Damage detection of post-tensioned concrete girder bridge using deep learning approach

Abstract

Structural health monitoring (SHM) is recognized as crucial for ensuring infrastructure safety and longevity. Structural instability has been attributed to material degradation and crack propagation. Therefore, understanding the combined effects of material degradation and crack propagation across various damage scenarios is essential for early damage detection in concrete structures. This study aimed to develop an effective method for detecting damage in post-tensioned concrete girder bridges using a deep learning approach (for damage of crack propagation and material degradation combinedly). Ambient vibration responses were collected from field measurements and vibration responses generated using finite element models (FEM) of a selected post-tensioned concrete girder bridge.

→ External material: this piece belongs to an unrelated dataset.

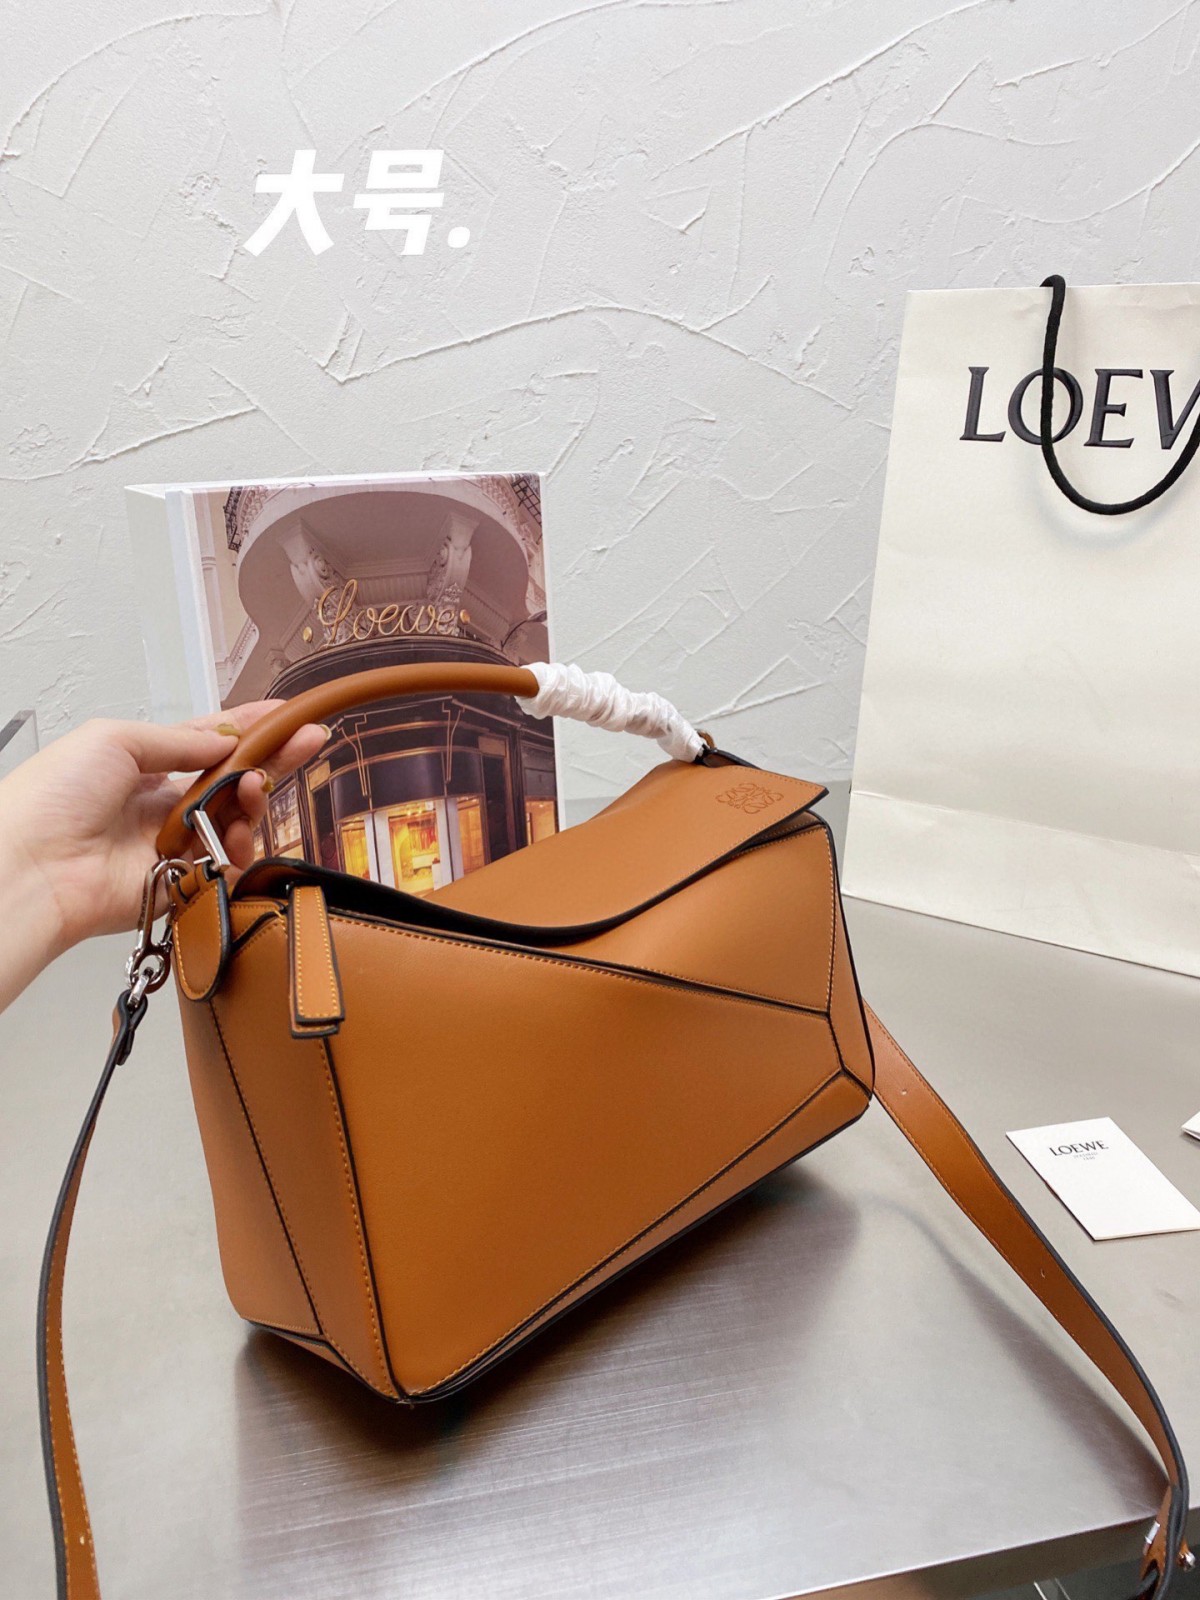 نوعية جيدة ورخيصة أكياس متماثلة Loewe Puzzle ، والثمن هو 199 دولارًا فقط؟ (أحدث 2022) -أفضل جودة متجر حقائب Louis Vuitton مزيفة على الإنترنت ، حقيبة مصمم طبق الأصل ru

The deep learning (DL) models were developed using numerically generated data, validated through hyperparameter tuning and cross-validation, and used to identify material degradation percentage, crack locations, crack paths, and damage severity within the structure. Initially, ambient vibration data were measured at selected locations on the bridge. A damage parameter was developed using natural frequency and modal curvature shifts from undamaged to damaged scenarios, varying uniquely for crack damage and material degradation. In the FE model, crack and material degradation were implemented by reducing cross-section and elastic modulus, respectively, and data were collected for various damage combinations. The DL models were trained using numerically simulated data and fed with vibration responses from the field to predict damages. The training and validation processes achieved nearly zero, with training accuracy above 95% and validation accuracy of 98%. Mean square error was below 0.0001, and standard deviation was less than 0.005 over K-Fold cross-validation. Fracture mechanics model developed for concrete structures found from the literature was utilized to effectively represent the combined effects of damages, crack orientation, and stress distribution on severity. Finally, damage severity was indicated through a 2D plot for easy on-site accessibility.